I headed west to Dickinson last Friday
to attend the annual Theodore Roosevelt symposium. This year's topic
was “Theodore Roosevelt and American Culture.” An attendee could
get three days of it, but I always just take in Friday's; it doesn't
cost anything that way.
The most appealing topic was “TR and
John Lomax: The Preservation of Cowboy Culture,” conducted by Hal
Cannon of Elko, NV. Cannon is the founding director of the Cowboy
Poetry Gathering held every winter in Elko. The main subject of his
talk dealt with the work of John Lomax who traveled the country with
a heavy voice recorder and collected the old poems and music that
made up the cowboy vocabulary of a time gone past. Theodore
Roosevelt endorsed Lomax's work feeling it represented something
worth preserving.
The more we hear about old TR, the
more fascinating he becomes. I recently purchased Doris Kearns
Goodwin's new book - The Bully Pulpit: Theodore Roosevelt, William
Howard Taft, and the Golden Age of Journalism.
It's a long one, but I'll do some picking and choosing of sections
that interest me most.
Dickinson State
University counts their blessings that they jumped into the arena and
got named as the depository for TR's digital records. It's a huge
undertaking, but people will be able to become TR scholars from their
kitchen tables using a laptop. Now they want to build a new library
to house their efforts. The state legislature approved $13 million
for them provided they raise $3 million on their own.
TR's
reading habits intrigue people. He claims to have read a book a day
– who's to argue.
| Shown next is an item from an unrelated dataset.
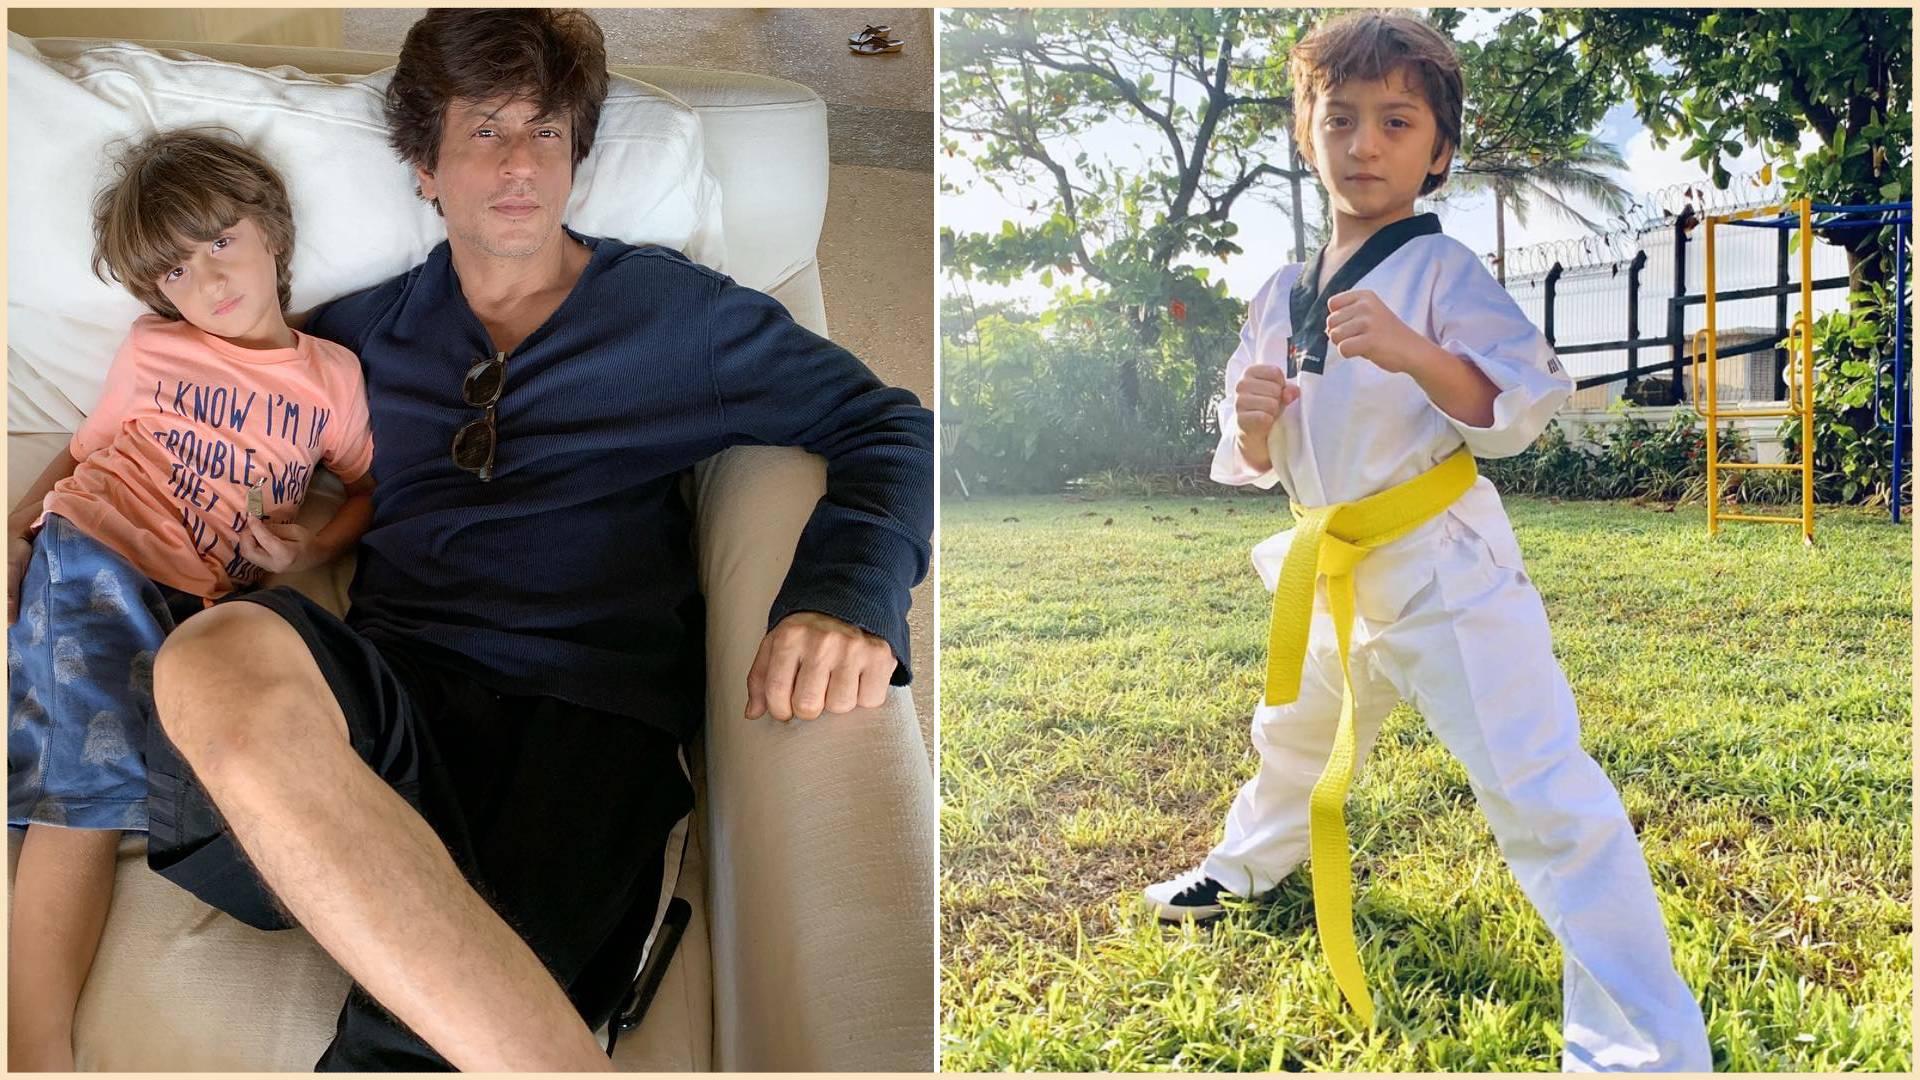 खान परिवार की परंपरा आगे बढ़ा रहे हैं शाहरुख खान के लाडले अबराम, ताइक्वांडो में मिली येलो बेल्ट, वीडियो वायरल

The one great story about his reading habits has
to do when he tracked down three thieves who stole a boat belonging
to him from the Little Missouri River. He made them walk for three
days to reach Dickinson where they could be charged and jailed. As
he walked along behind, he read Tolstoy's Anna Karenina.
Doris
Kearns Goodwin's book tells of an incident early on in his political
career. It was a rough and tumble time controlled by political
bosses. He got bullied by three goons one day and promptly decked
two of them with his fists and watched the third one run away.
A
similar incident occurred in Wibaux, Montana when he established
residency in the Badlands. He went into a saloon looking for
something to eat. A drunk bully accosted him in there saying he
looked like a sissy. He then tried to get Roosevelt to buy him a
drink and pulled his pistols. TR knocked him out. The next morning
saw the bad guy jumping into a boxcar and getting a ride out of town.